Boosted Memory and Improved Brain Bioavailability of Rivastigmine: Targeting Effort to the Brain Using Covalently Tethered Lower Generation PAMAM Dendrimers with Lactoferrin.

Currently, there is no treatment strategy which can reverse the process of neuro-degeneration in progression of Alzheimer's disease (AD). Practically, it is desired to achieve and maintain high therapeutic doses in the brain, but it is hard due to selective permeability of the blood-brain barrier (BBB).
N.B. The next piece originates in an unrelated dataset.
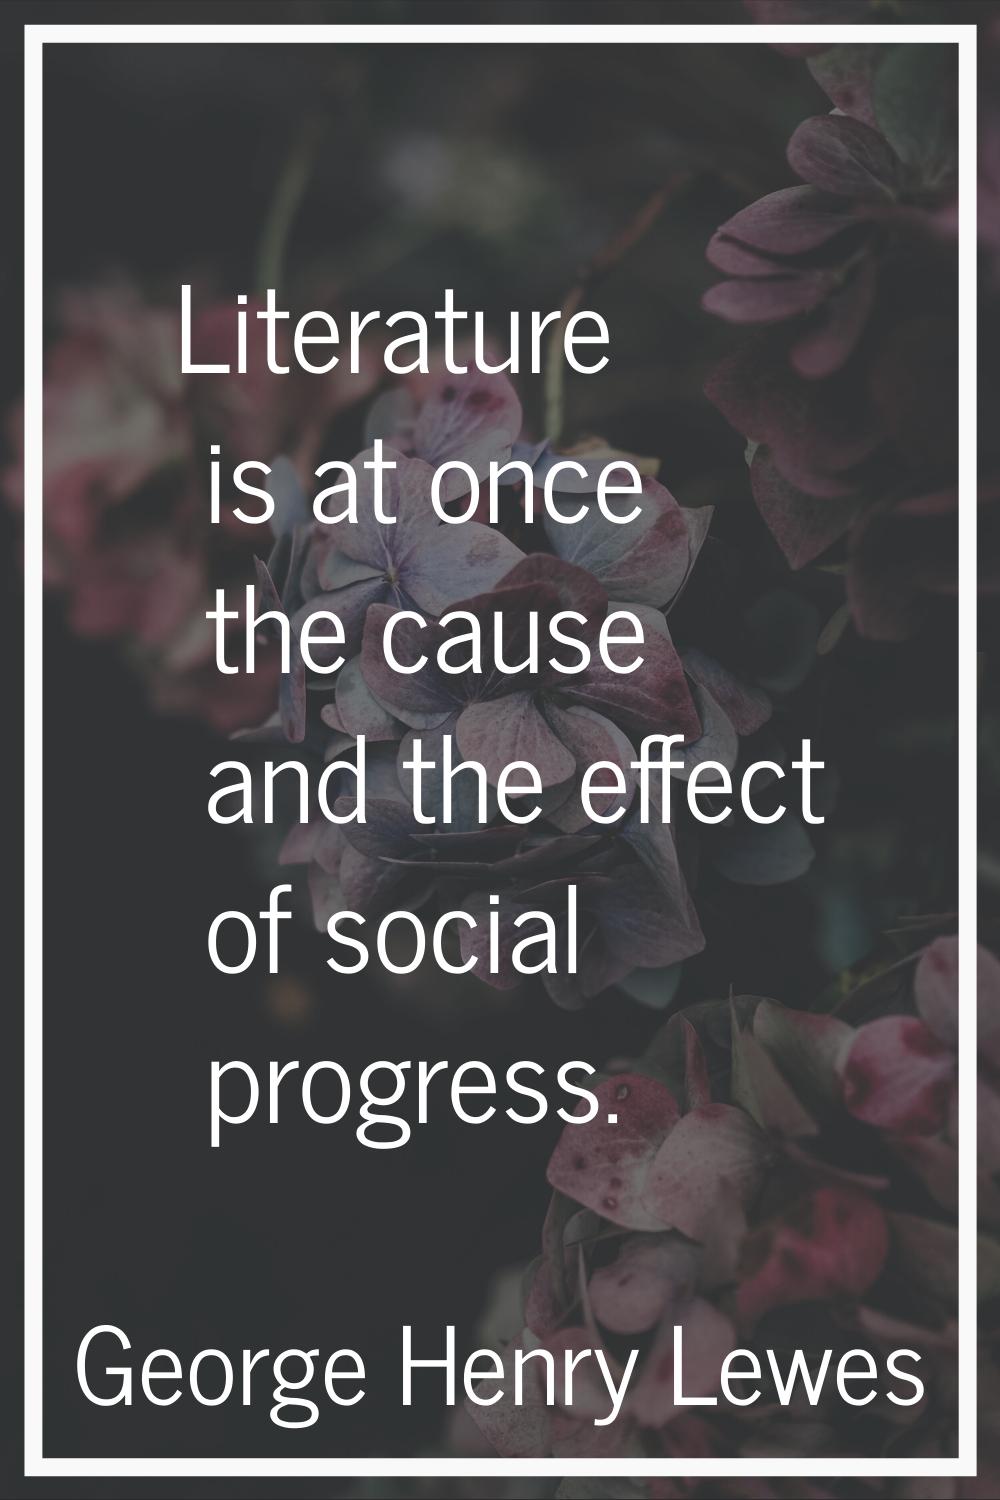 Literature is at once the cause and the effect of social progress.

In the present study, lactoferrin (Lf) was conjugated to polyamidoamine generation 3.0 (PAMAM G3.0) dendrimers for the effective delivery of rivastigmine (RIV) to the brain. Conjugation of PAMAM G3.0 with lactoferrin was confirmed by FT-IR, 1 H NMR, and 2D-NMR spectroscopy as well as AFM techniques. Further, RIV was loaded into PAMAM G3.0 and PAMAM-Lf conjugates. RP-HPLC was used to quantify the drug loading and release as well. Spectroscopic analysis confirmed PAMAM-Lf conjugation, the size of the conjugate was 100.04 ± 3.1 nm, and after RIV loading, the size was increased up to 216.13 ± 2.3 nm. Atomic force microscopic results revealed that the root-mean-square roughness ( Rq ) and surface roughness ( Ra ) were 6.31 and 5.27 nm, respectively, along with other parameters, Skewness and Kurtosis, which were 0.522 and 2.50, respectively. In vitro drug release from the PAMAM-Lf-RIV conjugate was sustained up to more than 100 h, and that of naive RIV was quite rapid (approxmately 99% release was observed in 8 h). Ex vivo hemotoxicity of the PAMAM-Lf-RIV conjugate was almost 9.8-fold lesser than the PAMAM G3.0 ( p < 0.0001), 7.77 times that of PAMAM-enc-RIV and 5 times that of naïve RIV ( p < 0.0001), respectively. The in vivo targeting potency of the conjugate was investigated in a rat model. Bioavailability of the RIV was enhanced 7.87 times compared to RIV along with improved pharmacokinetic parameters. Brain uptake of the drug was improved when treated with PAMAM-Lf-RIV over the RIV and PAMAM-enc-RIV, almost 8 and 4.2 times, respectively, after 4 h of the administration. Additionally, the behavioral studies revealed that PAMAM-Lf-RIV significantly enhanced the overall locomotor activity with higher ambulations over the pure drug and PAMAM-enc-RIV formulation. The outcome of the novel object recognition test was an indirect evidence of memory improvement. Conclusively, the development and characterization of PAMAM-Lf-RIV resulted in improved brain uptake and brain bioavailability with boosted memory, which can be beneficial in the treatment of Alzheimer's.